Я прошлым сном страданье утолю:
Сицилия… И – страстные гитары…
Палермо, Монреаль… Радес… Люблю!..
Прожив в Тунисе чуть более двух месяцев, Белый и Ася через Мальту перебрались в Египет. Капитан грузового судна, взявший их пассажирами, уговаривал понравившихся ему русских ехать с ним до Цейлона или Японии, куда направлялся корабль. И они бы непременно согласились, но деньги давно кончились, а очередной перевод из Москвы ждал их в Каире. В Египте – новые, ни с чем не сравнимые впечатления. На всю жизнь запомнились пирамиды в Гизе, на одну из которых он вместе с Асей совершил восхождение. Ну и конечно же – сфинкс, поразивший писателя в самое сердце. Блоку он писал из Каира 2/15 марта 1911 года:
«Милый Саша! Вчера была для меня незабываемая минута. Я глядел с полчаса, не отрываясь, в глаза сфинксу; из песков над песками глядит сфинкс огромными живыми глазами; и каждую минуту меняется выраженье его чудовищного лица: сначала он был грозный, потом насмешливый, испуганный, грустный, нежный, как ангел, прекрасный. Луна ослепительно горела, освещая пустыню. Черные привиденья феллахов одиноко застывали здесь и там. И надо всем два безумных конуса – пирамиды. Нежно любящий. Б. Бугаев».
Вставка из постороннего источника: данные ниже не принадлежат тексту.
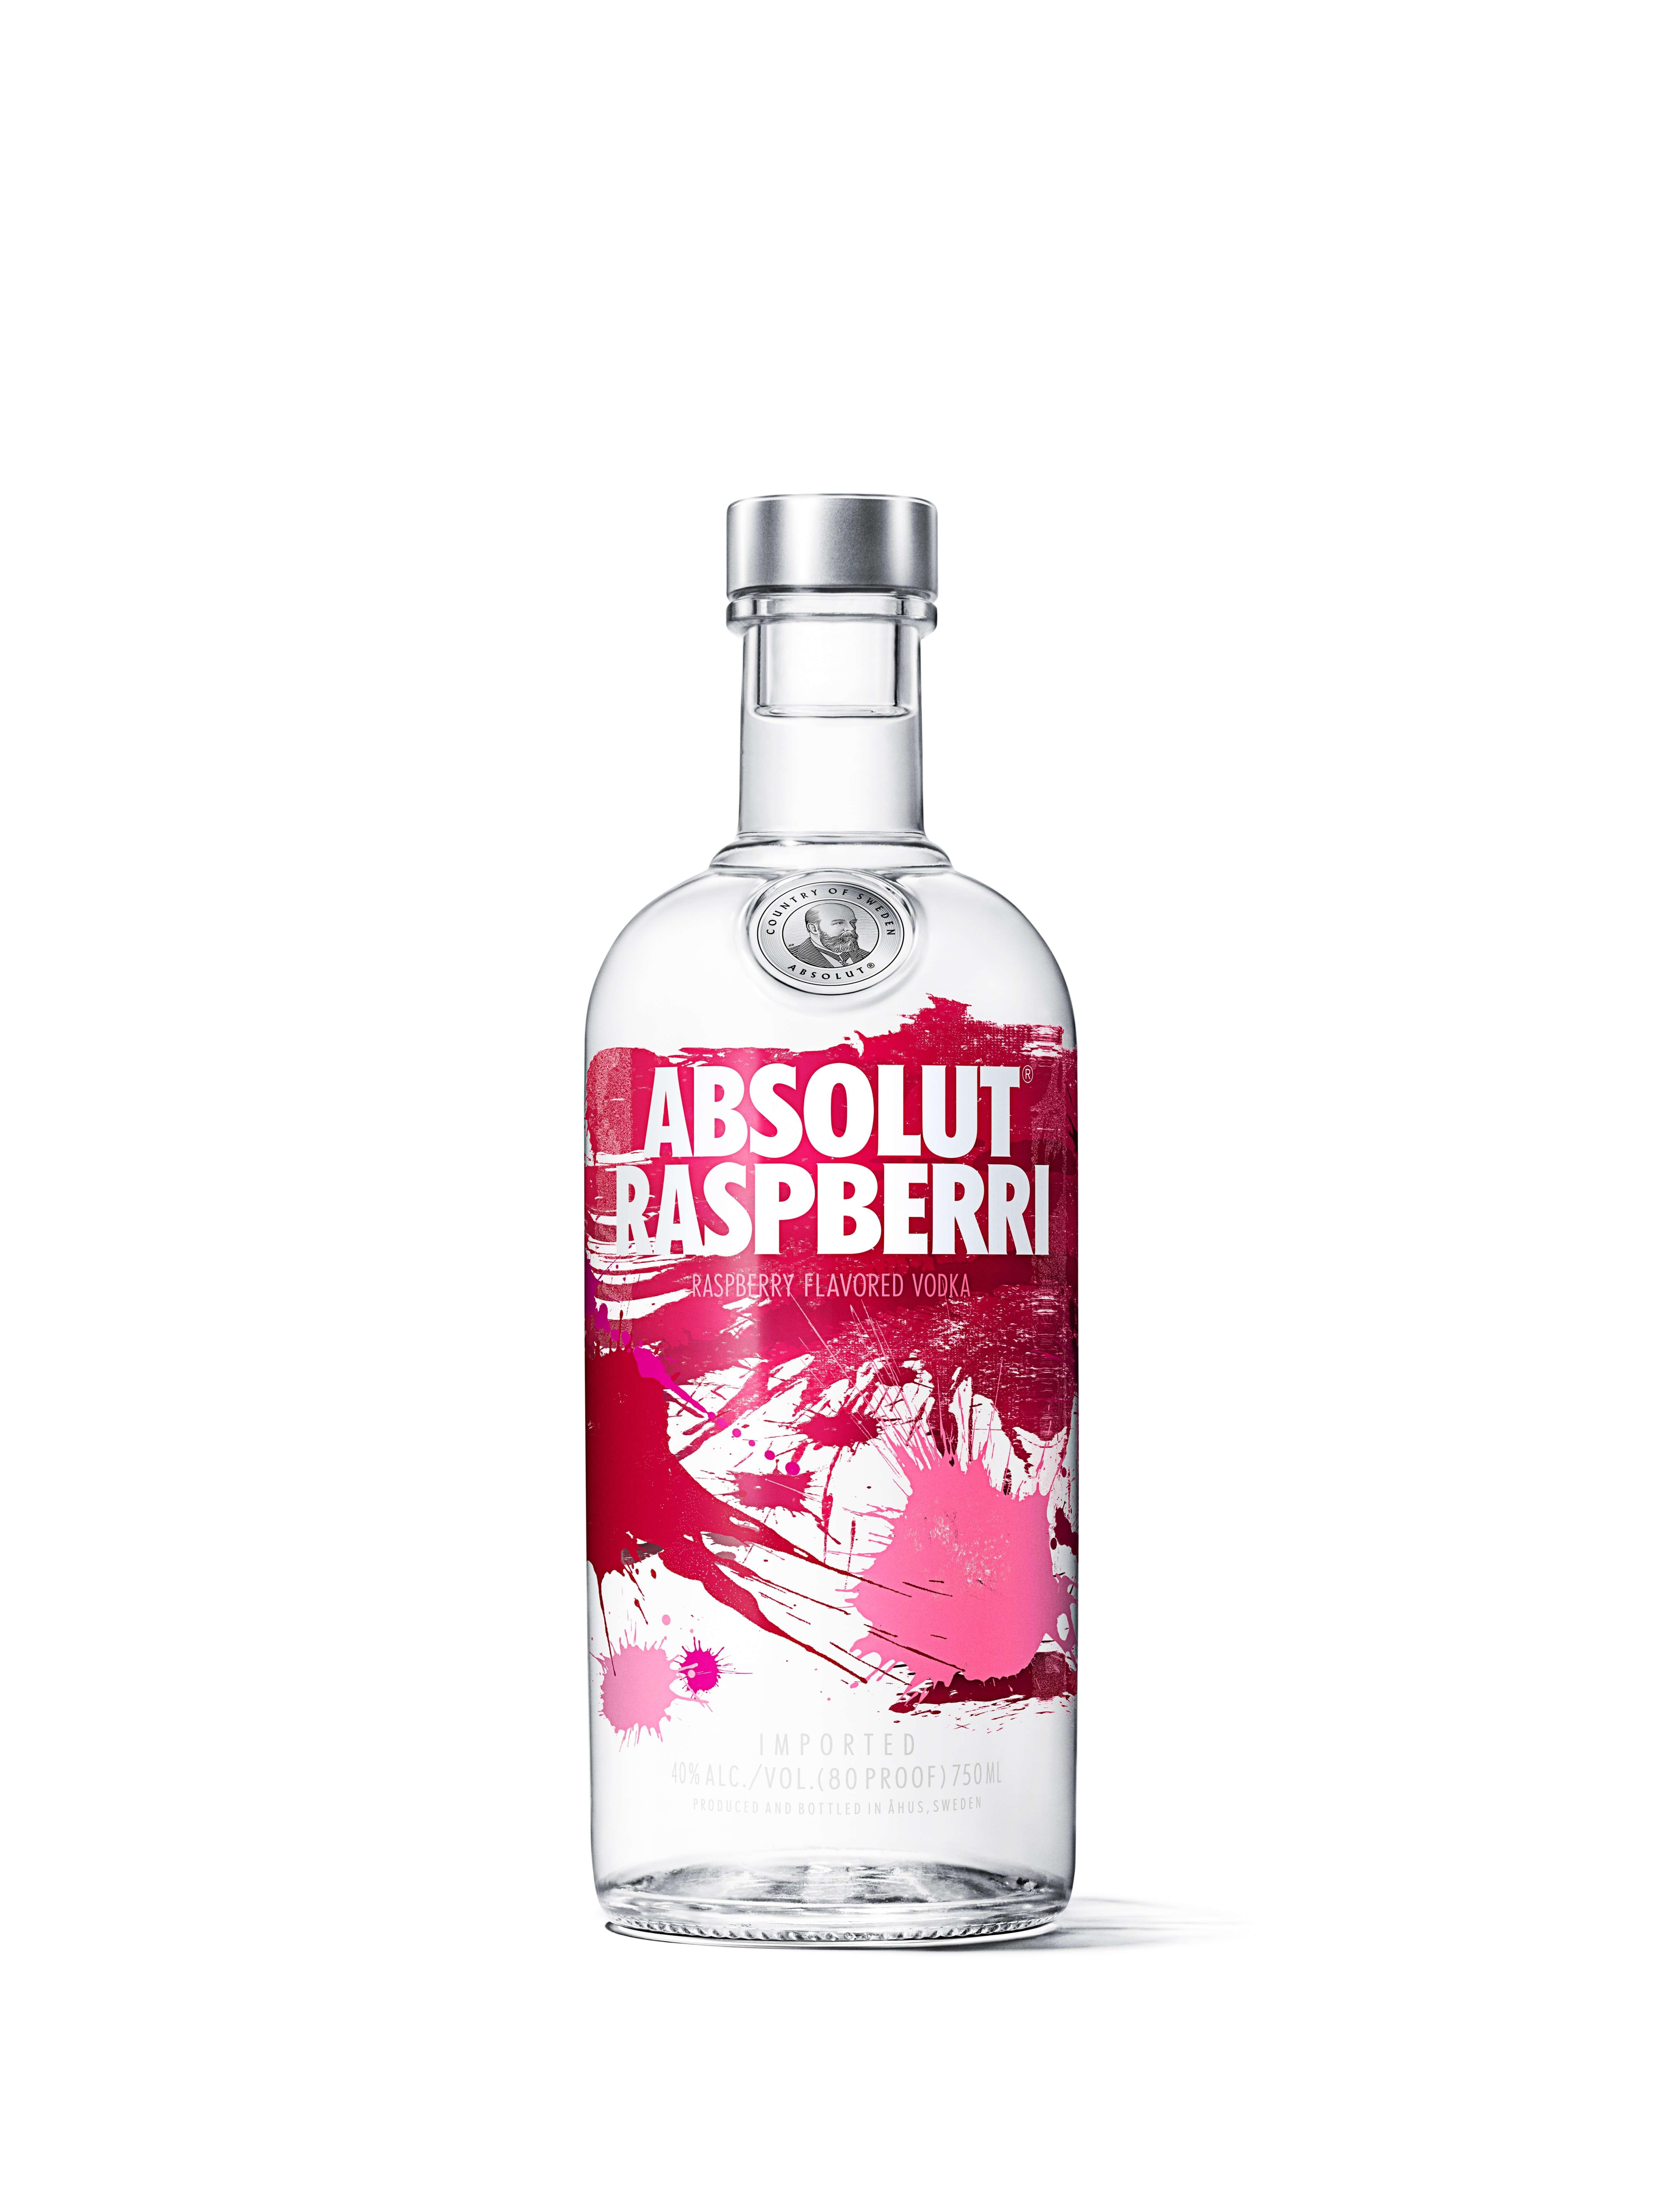 Absolut Raspberri Vodka Flavored - 750ml Bottle

Аналогичные впечатления в его письме к матери: «Пишу Тебе, потрясенный Сфинксом. Такого живого, исполненного значением взгляда я еще не видал нигде, никогда. <….> На голубом небе, прямо из звезд в пустыню летит взор чудовищного сфинкса; и он – не то ангел, не то – зверь, не то прекрасная женщина». Позже в путевых очерках писатель, поведав историю открытия уникального древнеегипетского памятника, еще раз во всех подробностях описал и собственные ощущения, испытанные во время «стояния перед сфинксом»: «В образе выразима предельность: беспредельному выражения нет; образы беспредельного были бы без-образны. <… > Безобразие беспредельности выше самой красоты. И таков Сфинкс. <… > Террористический акт над современной душой человека произвел Египет, выбросив нам из веков безумное изваяние Сфинкса. <…> Сфинкс переходит все человеческие меры: он – отчетливо воплощенная безмерность; и ужасно, что безмерность эта вложена в человекоподобный образ: во-ображена – воображена. <… > Взглянувши на чуждое выражение сфинксовой головы, мы начинаем чувствовать, как срывается в нас дно человеческой личности: и само в себя в нас проваливается „я“: здесь – окаянство, здесь – мерзость, здесь – гениальная провокация; здесь на безмерном разбит символизм геометрических фигур: как будто на хеопсовом треугольнике наметилось вдруг лицо; как будто бы то лицо стало образом и подобием лиц человеческих; как будто бы прародимый хаос (выделено мной. – В. Д.) мгновенно предстал перед нами после многомиллионного бегства человеческих поколений от его чудовищных стран: мы убегали от прародимого ужаса и тогда, когда были комочками слизи, далее убегали мы, ставши подобием червей, а когда мы стали обезьянами, бездна легла между нами и прародимым. И вот оно, прародимое, нас настигло, заглянуло в глаза сфинксовой головой; красноречивая его немота снова заговорила с нами. <…>
Кажется нам, будто Сфинкс полетел через время; тяжкие грузы с него свалились в прошедшие времена; все те во впадинах мягко лежавшие тени завуалили нежно просветленное это лицо; успокоенно смотрит на вас луны бирюзовым налетом; неземные глаза исполнились негой, томно темнясь легкой грустью о земном, пережитом. Он останется в памяти вашей ангелом.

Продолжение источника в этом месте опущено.